1 is an exploded perspective view of a metal bulkhead flat lamp according to a first embodiment of the present invention. Referring to FIG. 1, a metal partition flat plate lamp according to the present invention includes an upper plate external electrode 12 and a lower plate glass provided on an outer wall of an upper plate glass 10, a lower plate glass 11, a barrier unit 20, and an upper plate glass 10. It consists of the lower plate external electrode 13 provided in the outer wall of (11). First, the upper glass 10 is provided, the partition device 20 is installed on the lower glass 11, the edge of the upper plate and the lower plate is sealed, discharge gas is injected into the sealed flat plate. An upper plate external electrode 12 and a lower plate external electrode 13 are provided on one edge surface of the sealed upper plate and the lower plate, respectively. In this invention, the metal material excellent in workability was employ | adopted as the material of the partition apparatus 20. As shown in FIG. The partitions 21 are provided with protrusions 23 at regular intervals, and partition connecting strips 22 are installed at both ends of the partition walls. The connecting strip 22 is for convenience in installation by connecting the partition walls, the position may be installed in the middle other than both ends. An AC power source is connected to the upper plate external electrode 12 and the lower plate external electrode 13 of the flat lamp. Aluminum (Al) is suitable for the metal material of the partition apparatus 20. Aluminum is good in workability and light. In addition, aluminum forms a porous alumite (Al ₂ O ₃ ) layer by oxidation of the surface, and the alumite layer has good adhesion when the phosphor is applied. In particular, when the aluminum itself coated with the alumite layer is connected to a power source and used as an electrode, the secondary electron emission coefficient due to the porosity is also increased, which is advantageous as a discharge tube. Meanwhile, in FIG. 1, an aluminum thin film and an aluminum oxide film may be formed on an inner surface of the lower glass plate, and the thin film may reflect light.

2A to 2D are cross-sectional views in a state in which the flat lamp of FIG. 1 is coupled, and FIGS. 2A and 2B are cross-sectional views cut in a direction perpendicular to a partition wall and in a horizontal direction, respectively. The protrusions 23 provided on the partition wall 21 at regular intervals support the glass plate upper plate, and gases communicate with each other through a gap between the upper plate glass 10 and the partition wall. FIG. 2C is a cross-sectional view when the metal itself is used as the partition wall 21, and FIG. 2D is a cross-sectional view when the oxide film 40 serving as the dielectric layer is coated on the surface of the metal partition wall 21. In the case of aluminum, an aluminum oxide (alumite) film is formed. In each case, the upper plate fluorescent layer 30 is provided on the lower end surface of the upper plate glass 10, and the lower plate fluorescent layer 31 is provided on the entire lower plate glass 11 including the partition wall 21. The shape and size of the partition wall 21 and the protrusion 23 are determined to be optimized according to the use. However, it is preferable that the cross section of the partition wall 21 be wide and narrow, like a trapezoid. In the trapezoidal section, the length of the base, top and height is usually several mm. The space between the bulkheads and the bulkheads may be from several mm to several centimeters, and the space between the bulkheads may be constant, but may be narrowed for the purpose of brightening both edges. The external electrodes 12, 13 are provided in the form of bands, and the width thereof is appropriately several mm to several cm. In order to prevent leakage power by minimizing electrical parasitic capacitance between the external electrode and the metal partition wall, a portion corresponding to the partition wall may be thinned or meshed. On the other hand, the material of the partition wall may be any one selected from Dumet, which has the same coefficient of thermal expansion as copper, copper alloy, aluminum, aluminum alloy or other glass materials. In this case, the metal itself may be used as a partition wall or a dielectric layer or an oxide film may be coated.

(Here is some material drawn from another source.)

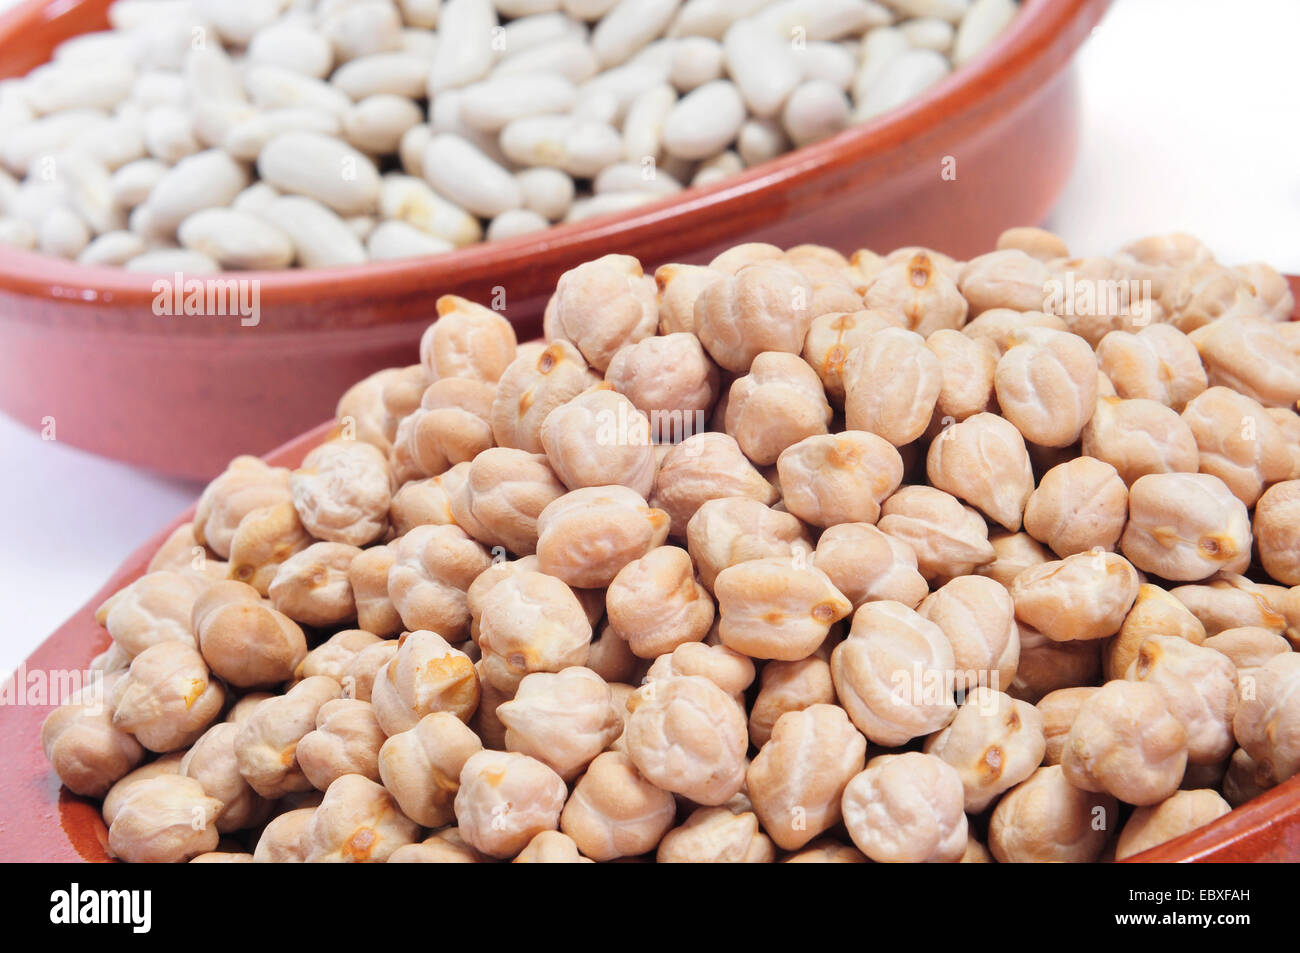 closeup of some earthenware bowls with dry chickpeas and white beans Stock Photo
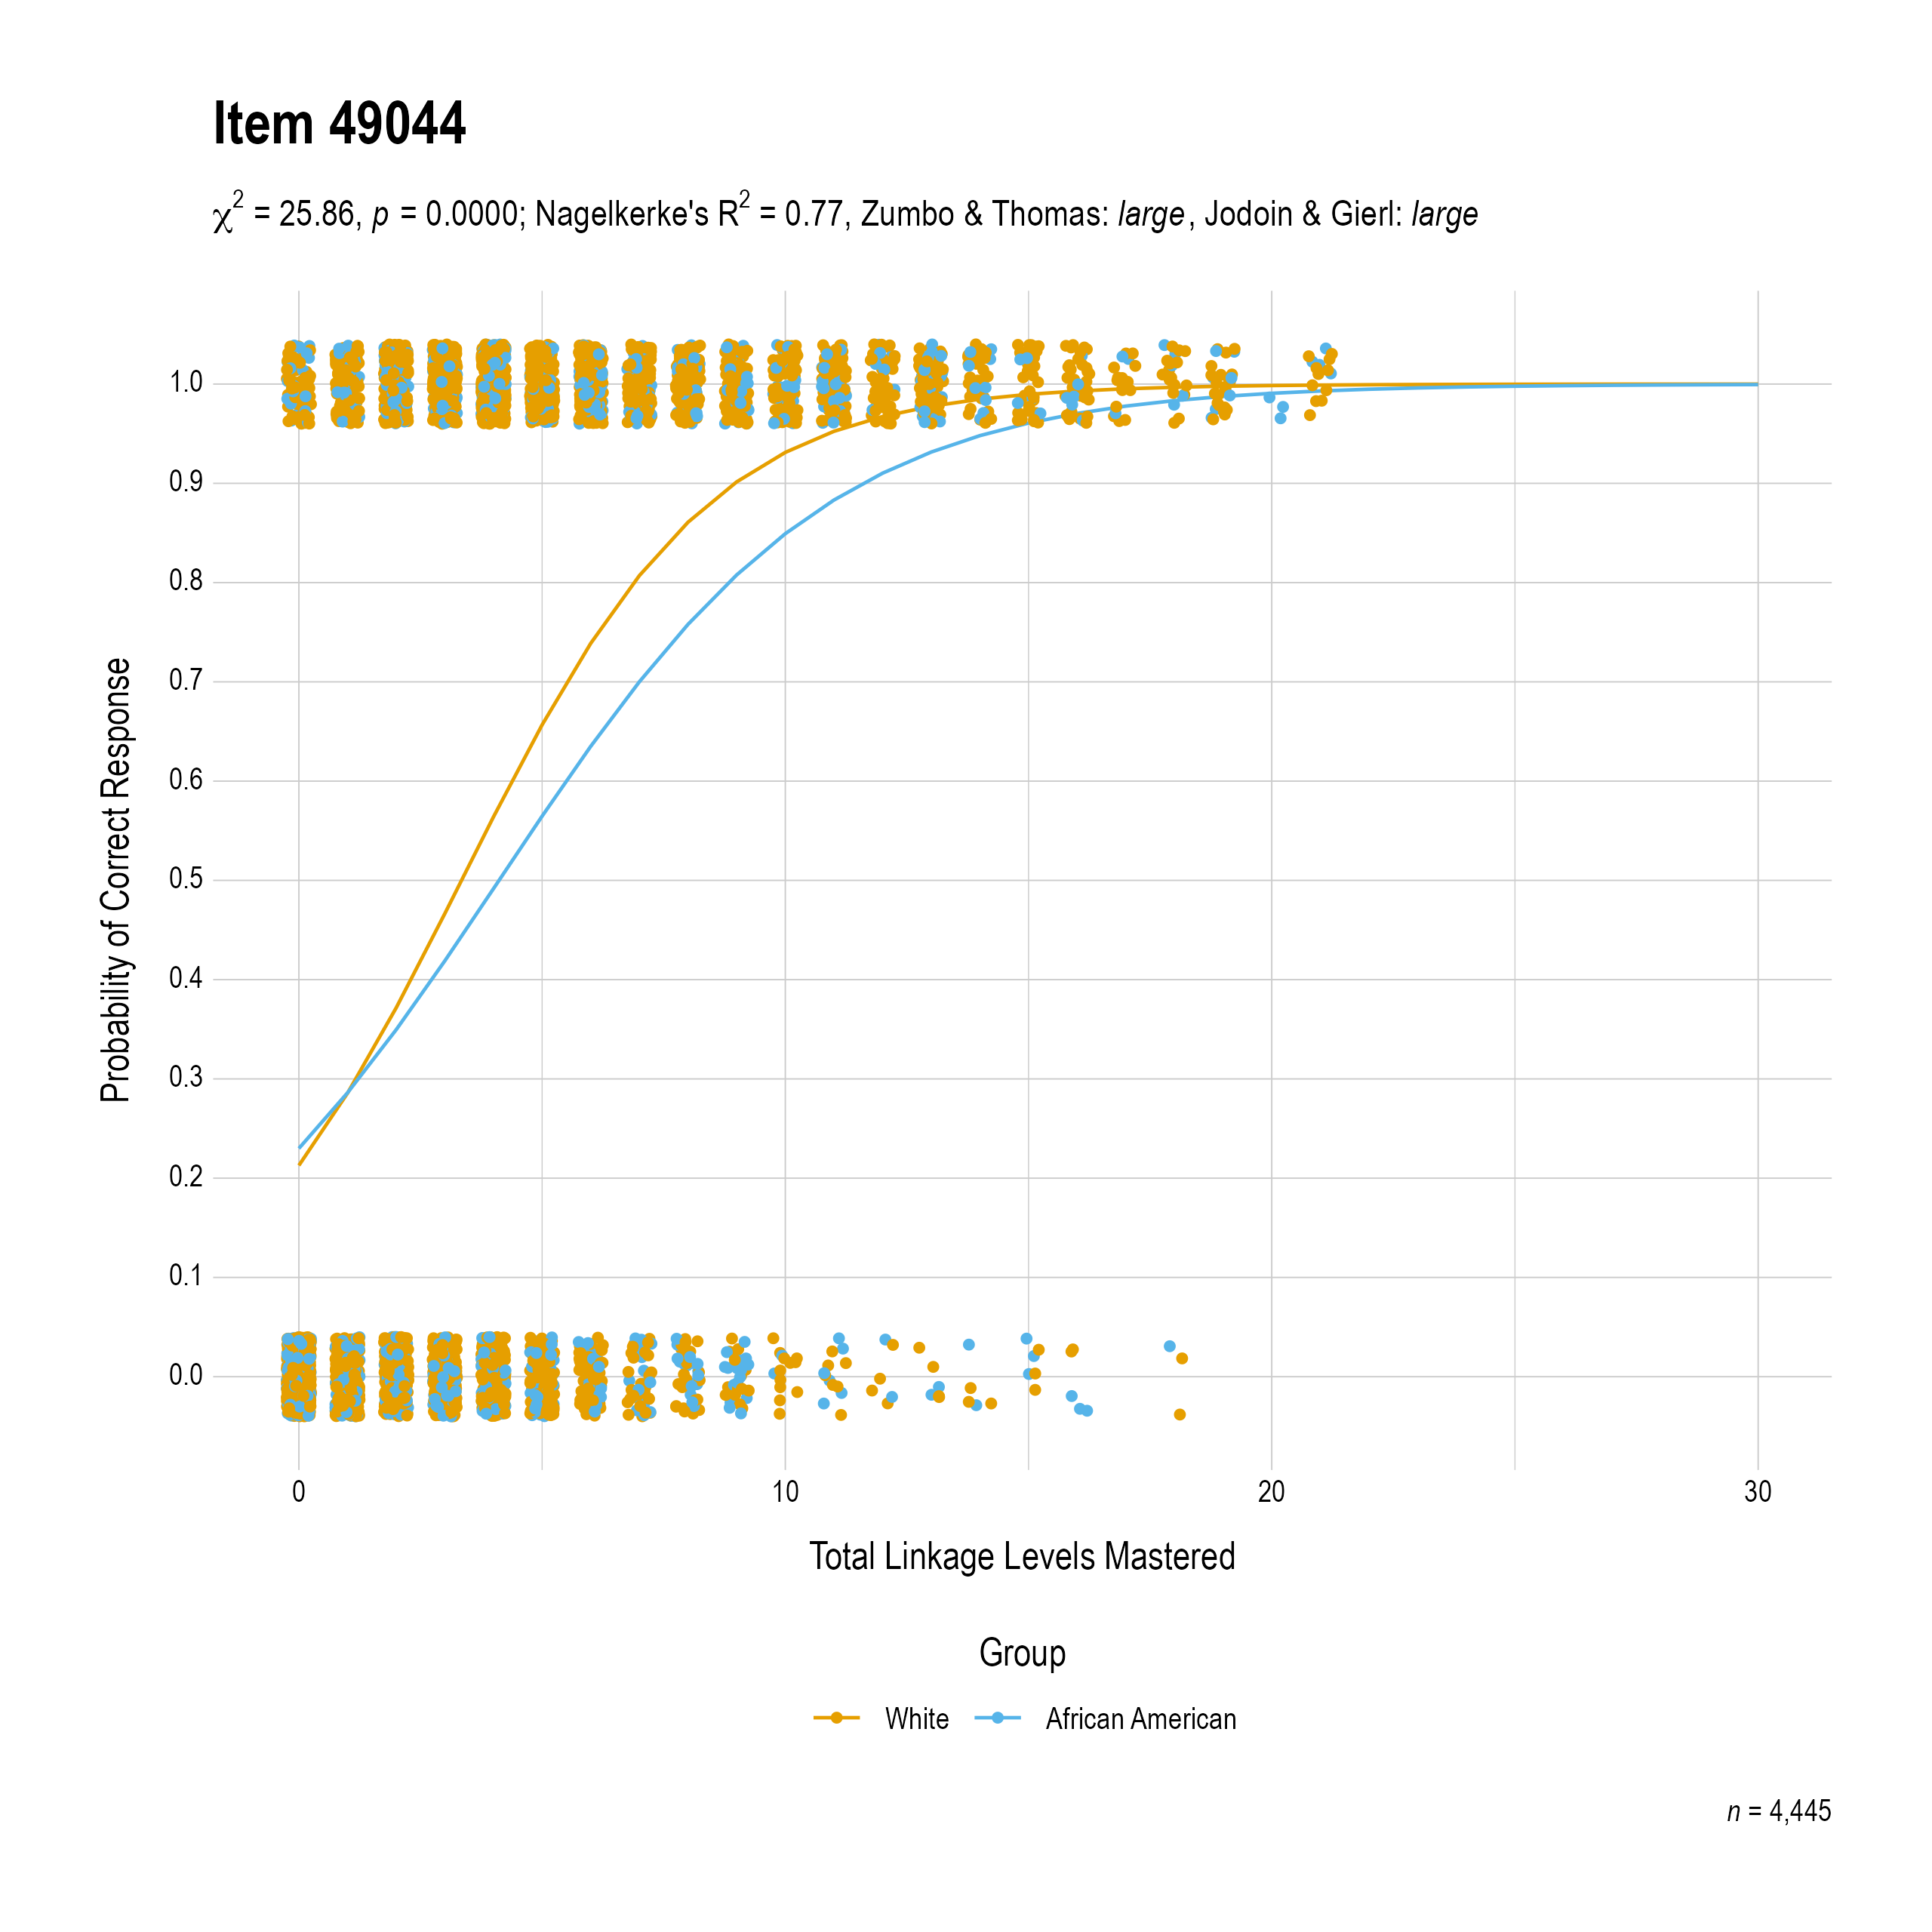 The plot of the combined race differential item function evidence for Science item 49044. The figure contains points shaded by group. The figure also contains a logistic regression curve for each group. The total linkage levels mastered in is on the x-axis, and the probability of a correct response is on the y-axis.

3 is an external electrode flat lamp configured to have different positions of the external electrodes 14 and 15 from the first embodiment as the second exemplary embodiment of the present invention. The upper external electrode 14 is provided with a transparent electrode or a mesh (mesh) type electrode outside the partition walls, and the lower external electrode 15 is provided on the corresponding surface of the upper external electrode 14. The upper external electrode 14 and the lower external electrode 15 are applied with AC power having different polarities. Such a flat lamp having a small gap between the electrodes is advantageously applied to a discharge tube or mercury-free fluorescent lamp that emits ultraviolet light.

4A and 4B are a third embodiment of the present invention, which is a schematic view of a barrier electrode electrode of a flat plate lamp using a metal barrier itself as an electrode, and a cross-sectional view of an aluminum barrier coated with an oxide film. The partition electrode device 50 shown in FIG. 4A is provided between the upper plate glass 10 and the lower plate glass 11. The metal barrier ribs apply alternating current power having different polarities to the neighboring barrier ribs to cause discharge between the barrier ribs. In this case, if the bottom part of the partition is slightly widened, the discharge voltage can be kept relatively low even at high pressure. Aluminum is preferably used as the material of the barrier rib, and an oxide film 40 may be formed on the surface of the barrier rib to have a dielectric layer barrier discharge characteristic (see FIG. 4B). When the barrier rib is made of a metal material other than aluminum, a separate dielectric layer film may be formed on the surface of the metallic barrier rib to realize a flat lamp for dielectric layer barrier discharge. The flat lamp using the metal partition itself as an internal electrode is also used as a mercury-free fluorescent lamp by applying an excimer lamp for emitting ultraviolet light or a fluorescent layer.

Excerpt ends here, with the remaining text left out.